Let's take a moment and reflect back upon our lives when we were 20 years old. Think about where you were and the opportunities for work and career that lay in front of you. I'm curious. Tell me, how many of you had a pretty good idea of what you wanted to do for your career? Okay, not too many. How many were overwhelmed by all the options? Okay. I know I felt the same. Well, buckle up.
It's only going to get more overwhelming. When I was 20 years old, I was graduating from Stanford University with a degree in pure mathematics. Nobody had sat me down to tell me that my pure math major wasn't going to be the most desirable qualification for prospective employers. And I probably wouldn't have listened if they did.
So I went off along my default path, a math PhD program at UCLA, buying at least one more year to figure out my career. Now, my first month in graduate school, Lehman Brothers went under, the start of the global financial crisis.
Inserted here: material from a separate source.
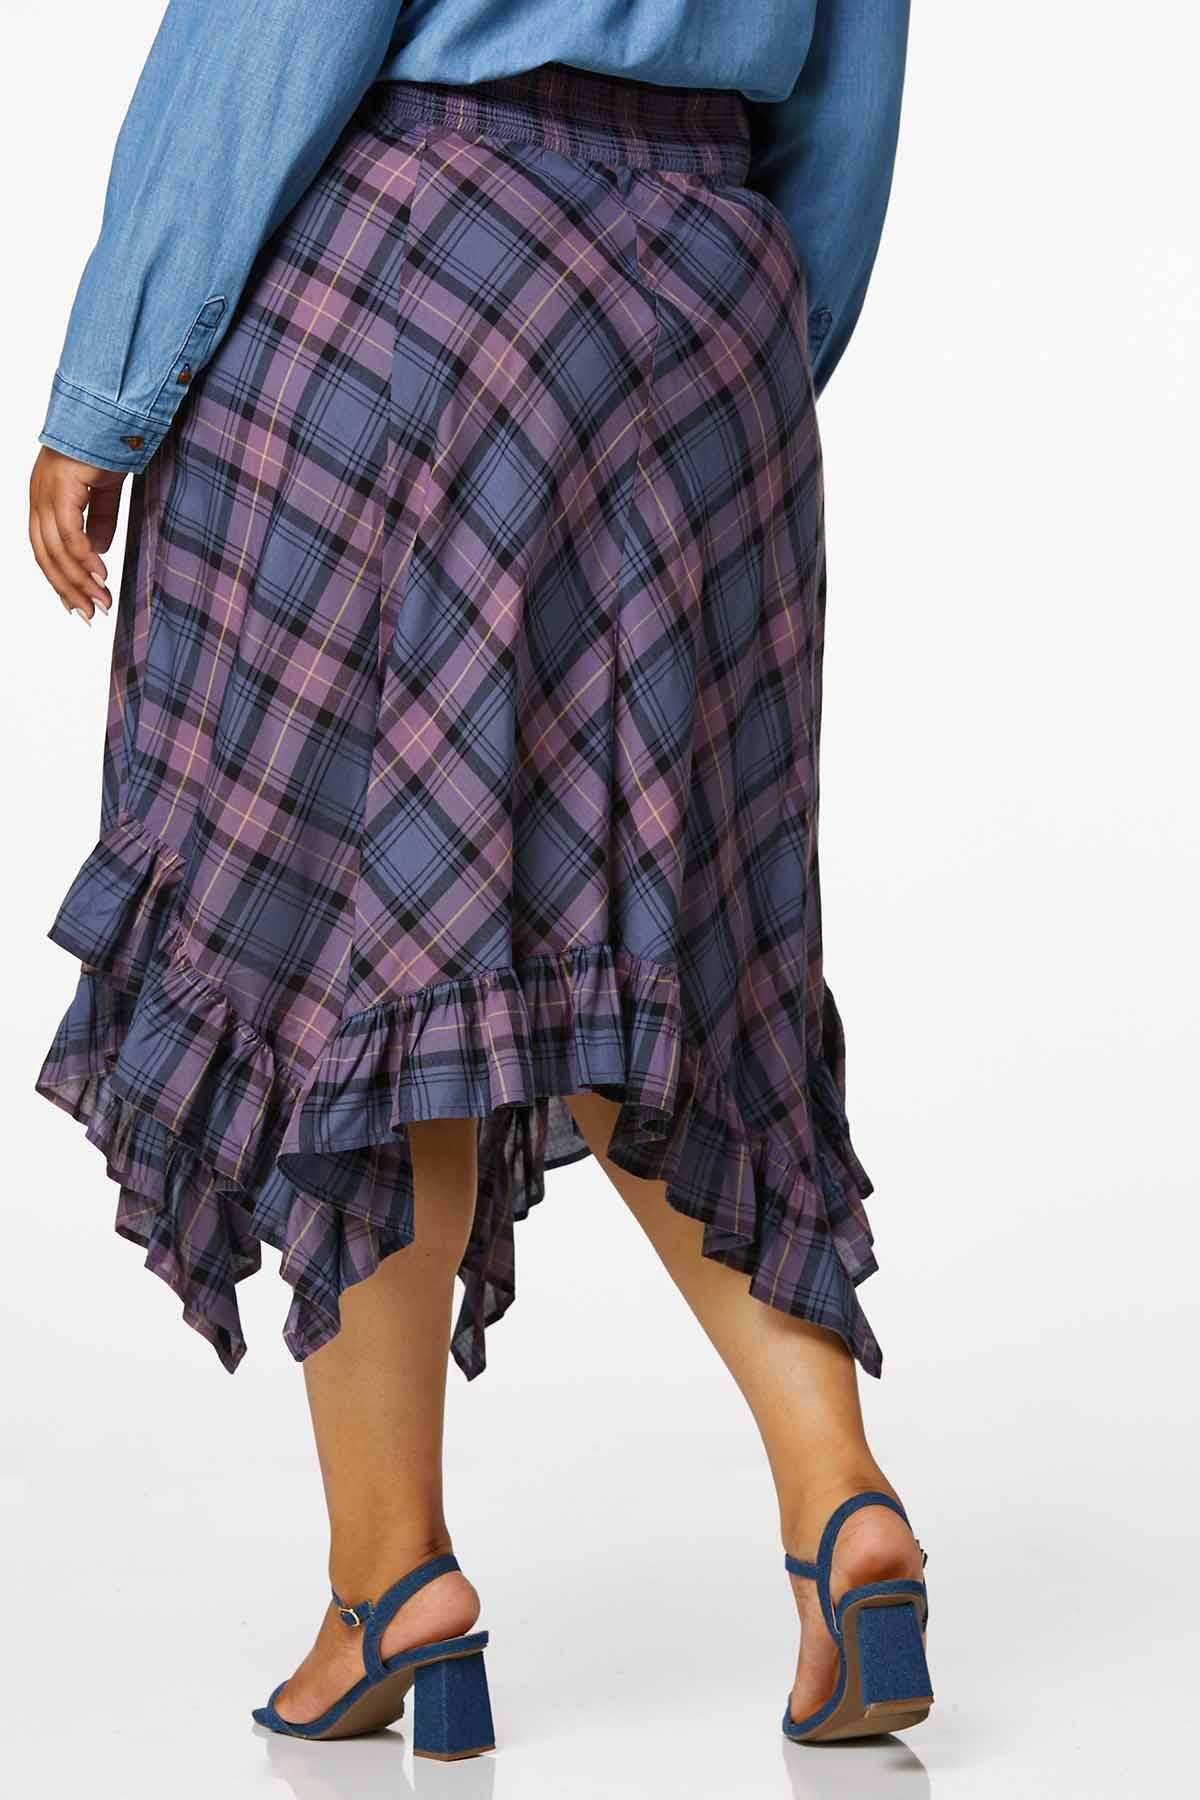 Plus Size Skirts | Cato Fashions
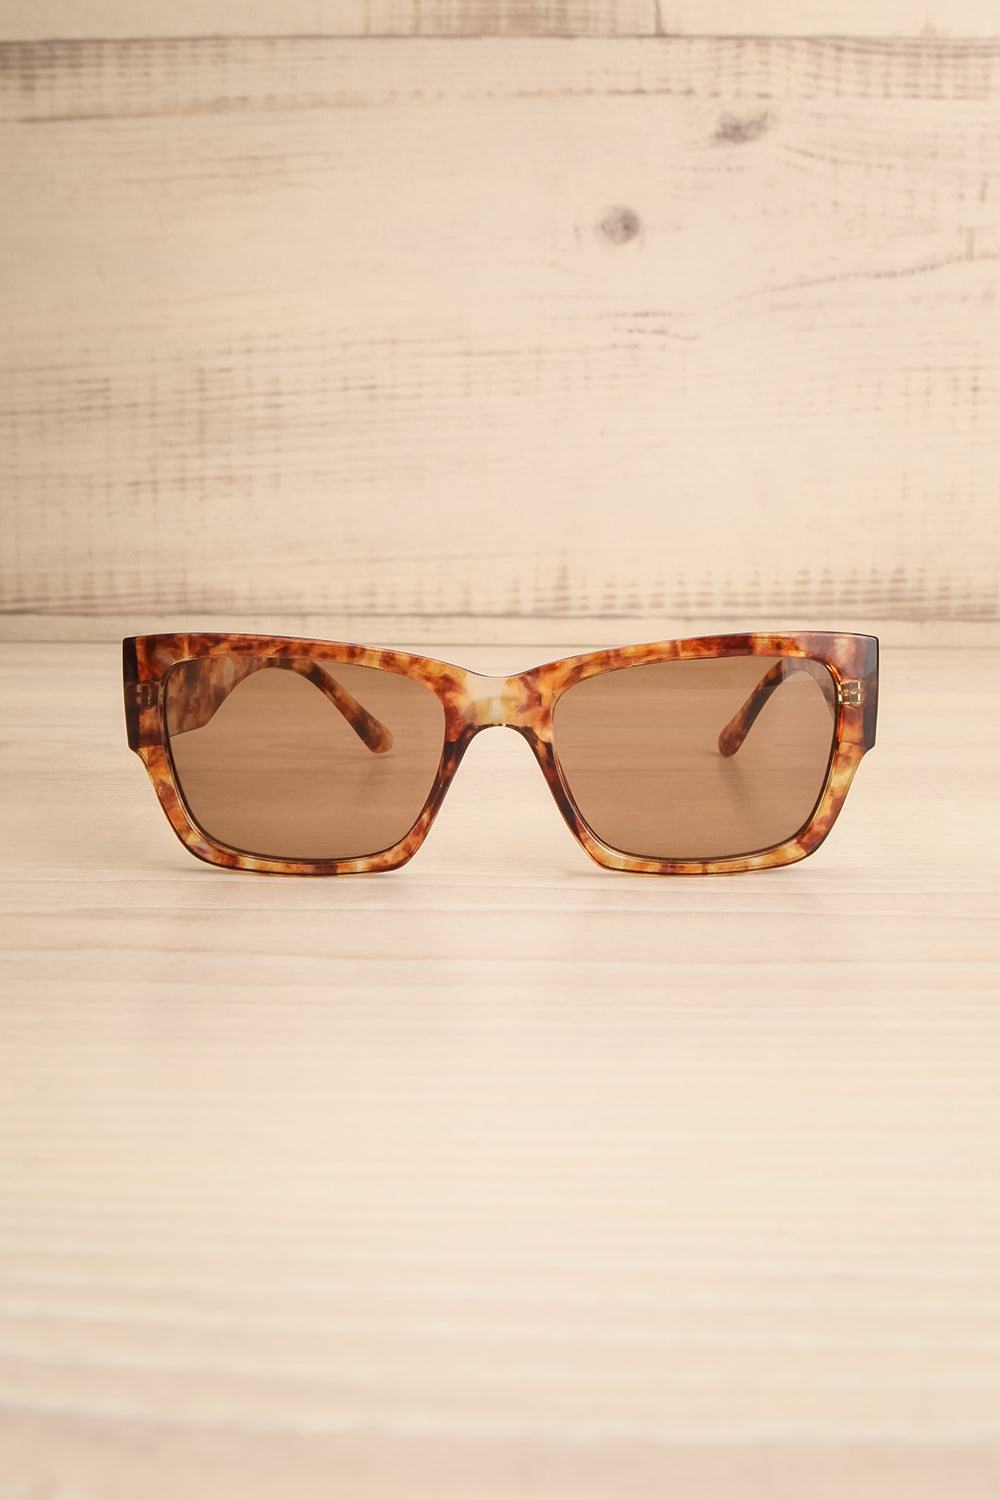 Sunglasses Cascade Apricot | Karün North America

Most of my friends, particularly the ones that felt the most secure in their financial careers, found themselves packing up their cubicles out of work.
Some of us wondered whether the economy would recover at all or whether we were in store for another decade-long Great Depression. But amidst the uncertainty, the pessimism, the malaise, really, of that time, some of us found a source of optimism. The iPhone, and in particular, the App Store, came out that very same year, 2008.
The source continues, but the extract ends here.